■ Work order ■
An acceptable answer repeats exactly the line containing "Priyanka Mohan Look" and all lines that follow it in the listing below, and it includes no pictures.

■ Data extract ■
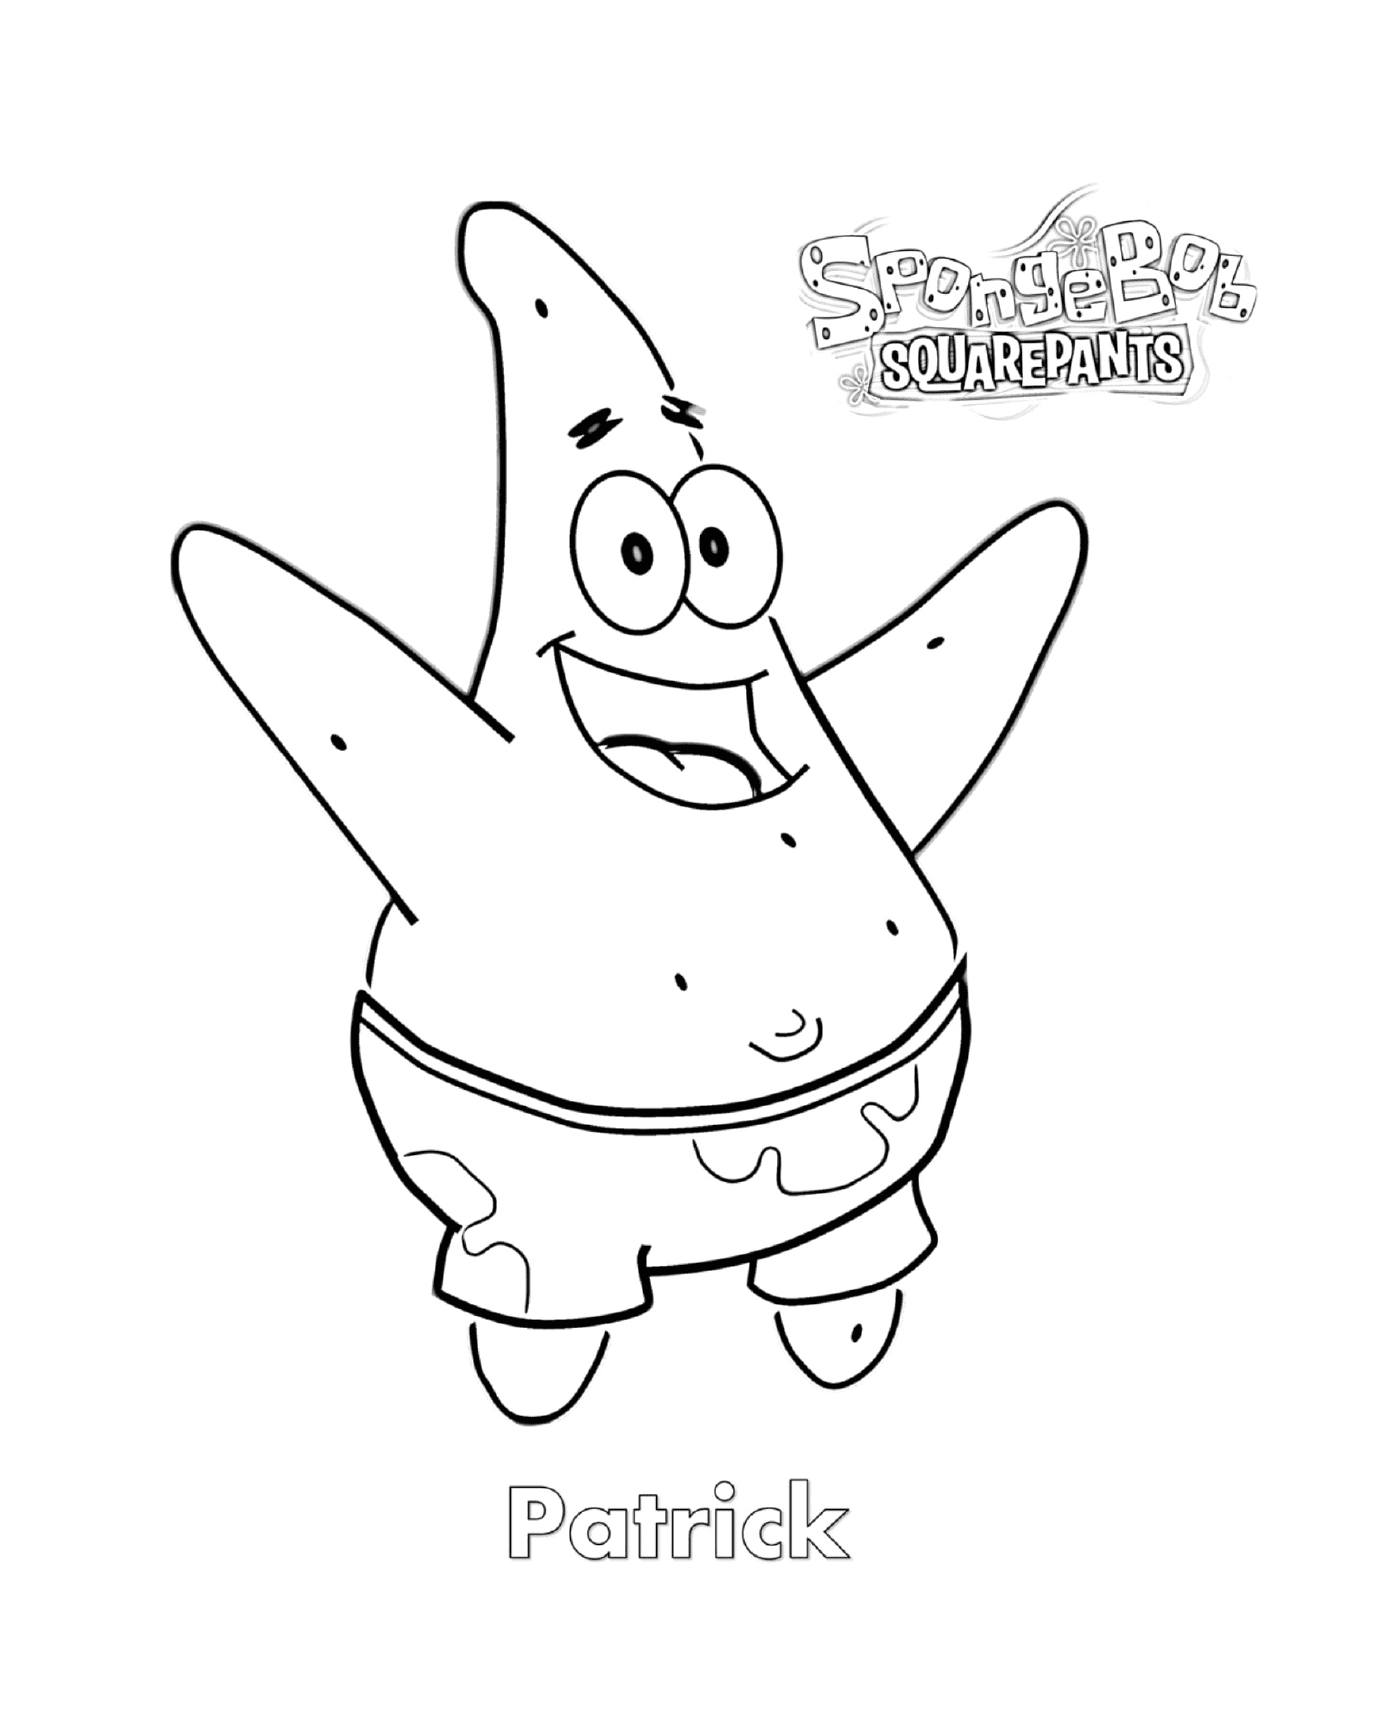  Patrick in good shape, a character from SpongeBob 
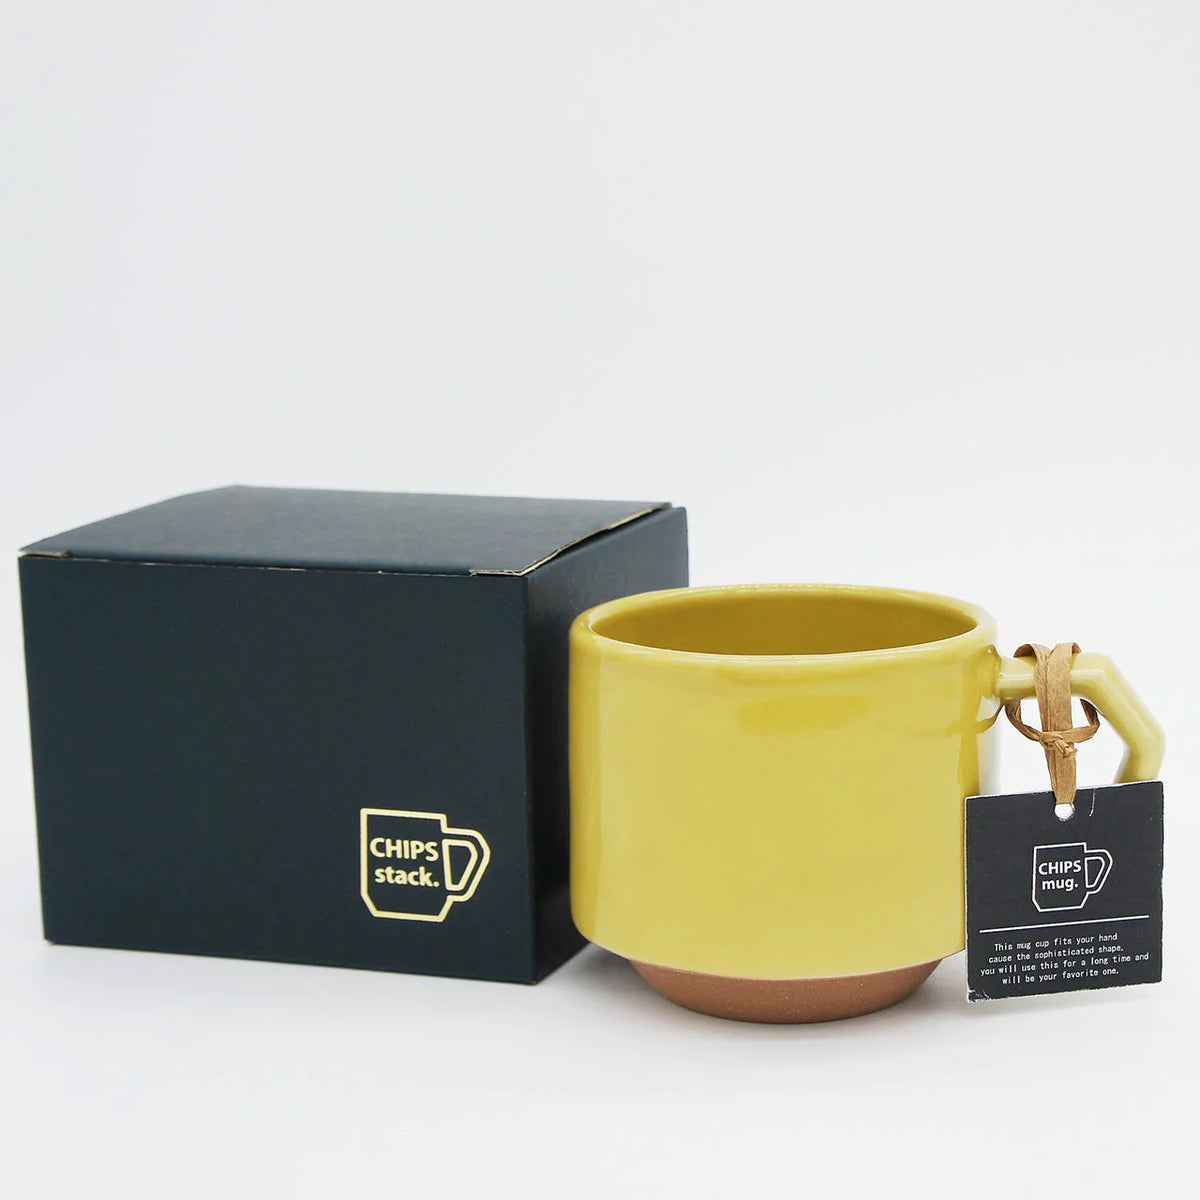 A Stacking Mug - Mustard from CHIPS Inc. with a black box and tag.
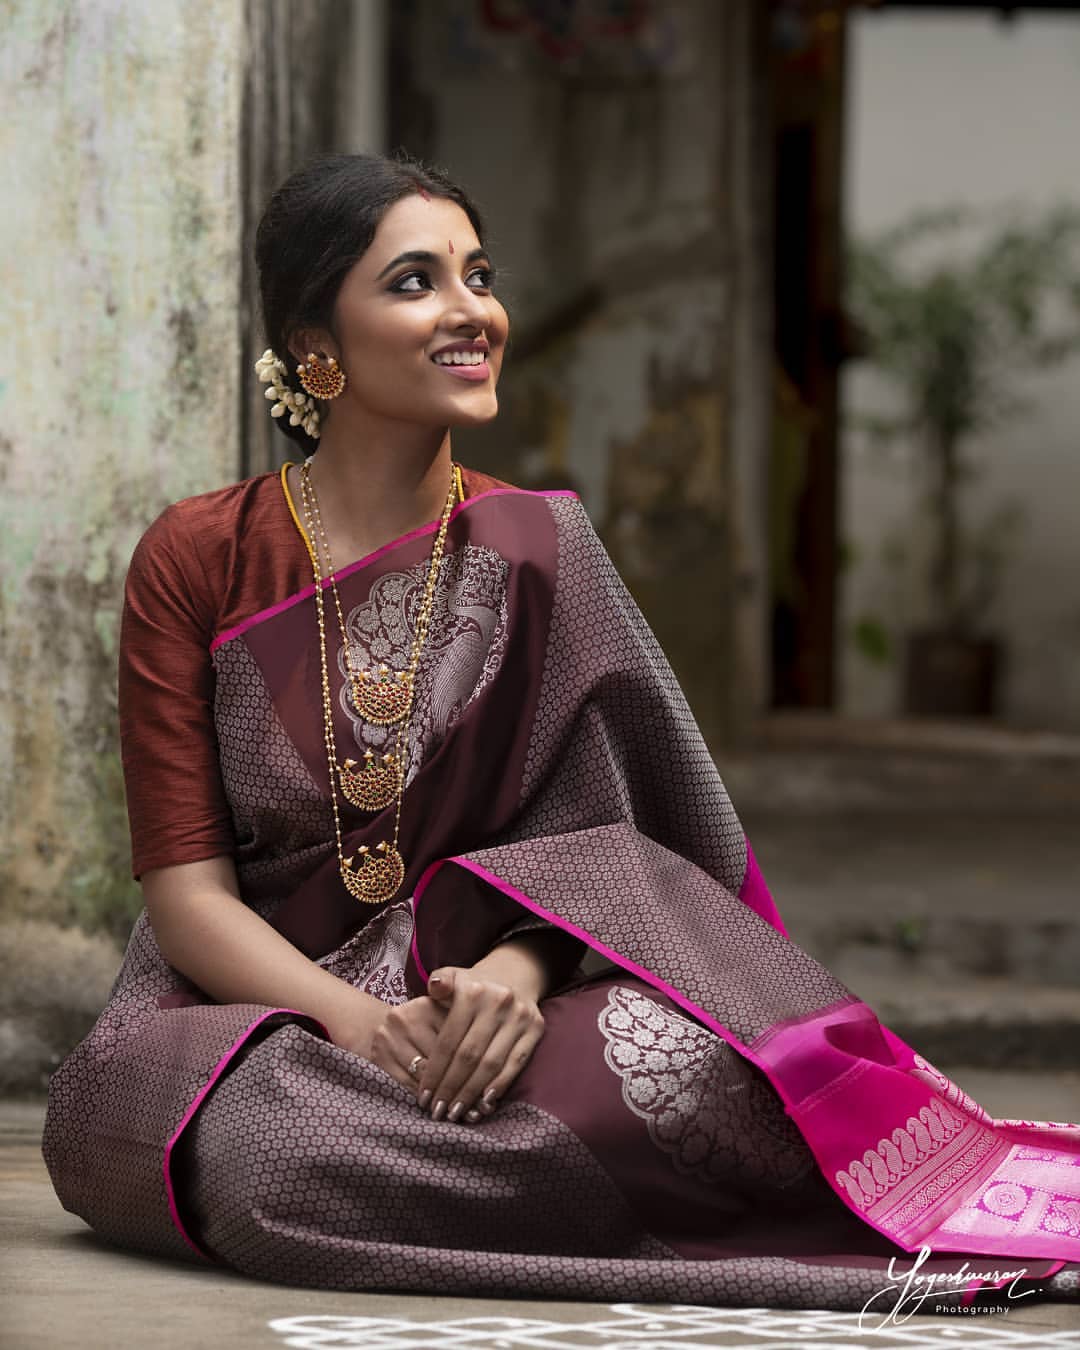 Priyanka Mohan Look Beautiful In Purple Pink Saree Outfit Priyanka Arul Mohan Traditional Outfit Looks Collection
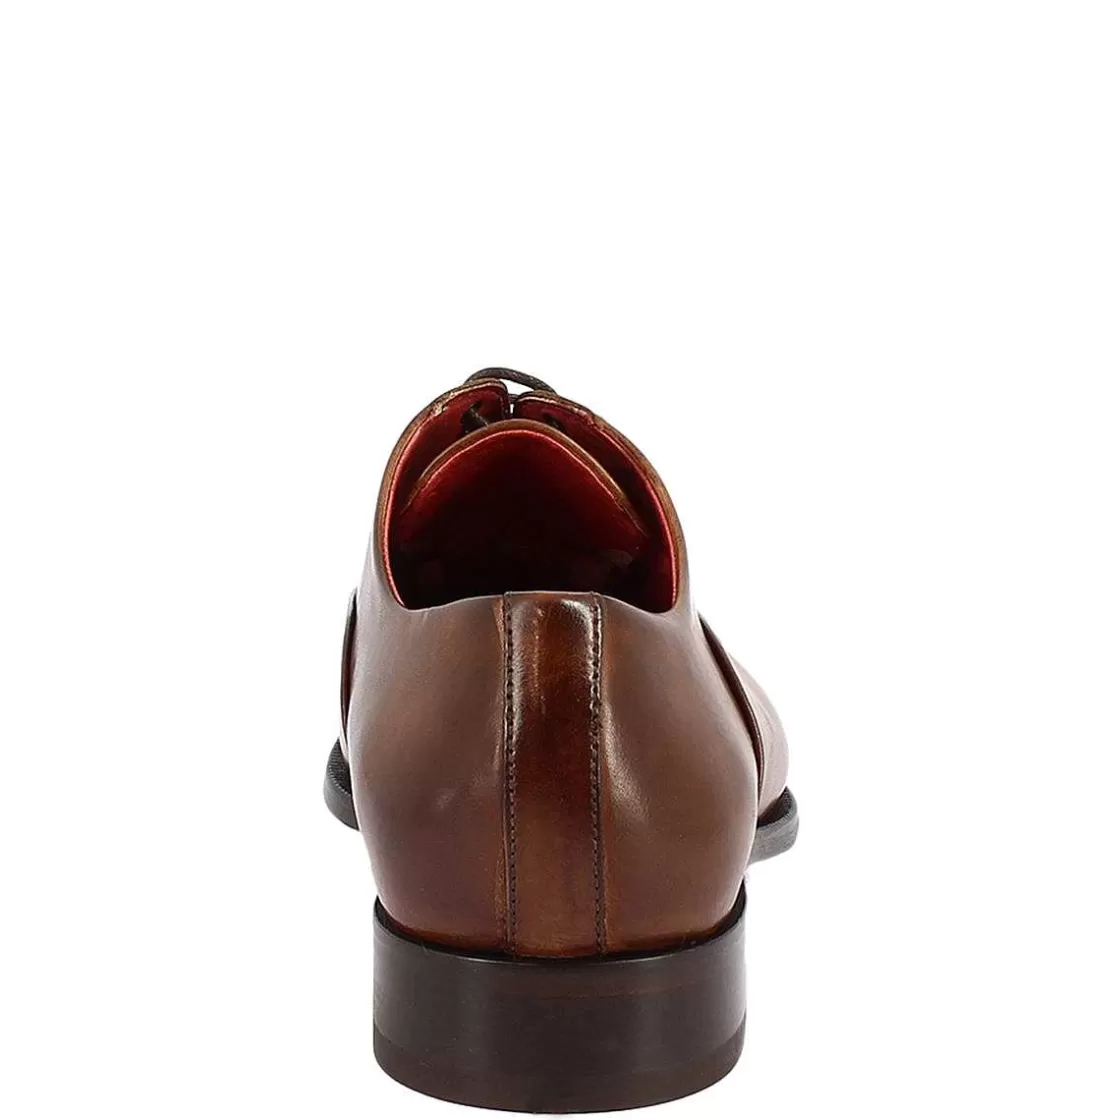 Leonardo Oxford Shoes With Toe Cap In Brandy-Colored Leather Clearance

■ Finished task ■
 Priyanka Mohan Look Beautiful In Purple Pink Saree Outfit Priyanka Arul Mohan Traditional Outfit Looks Collection
 Leonardo Oxford Shoes With Toe Cap In Brandy-Colored Leather Clearance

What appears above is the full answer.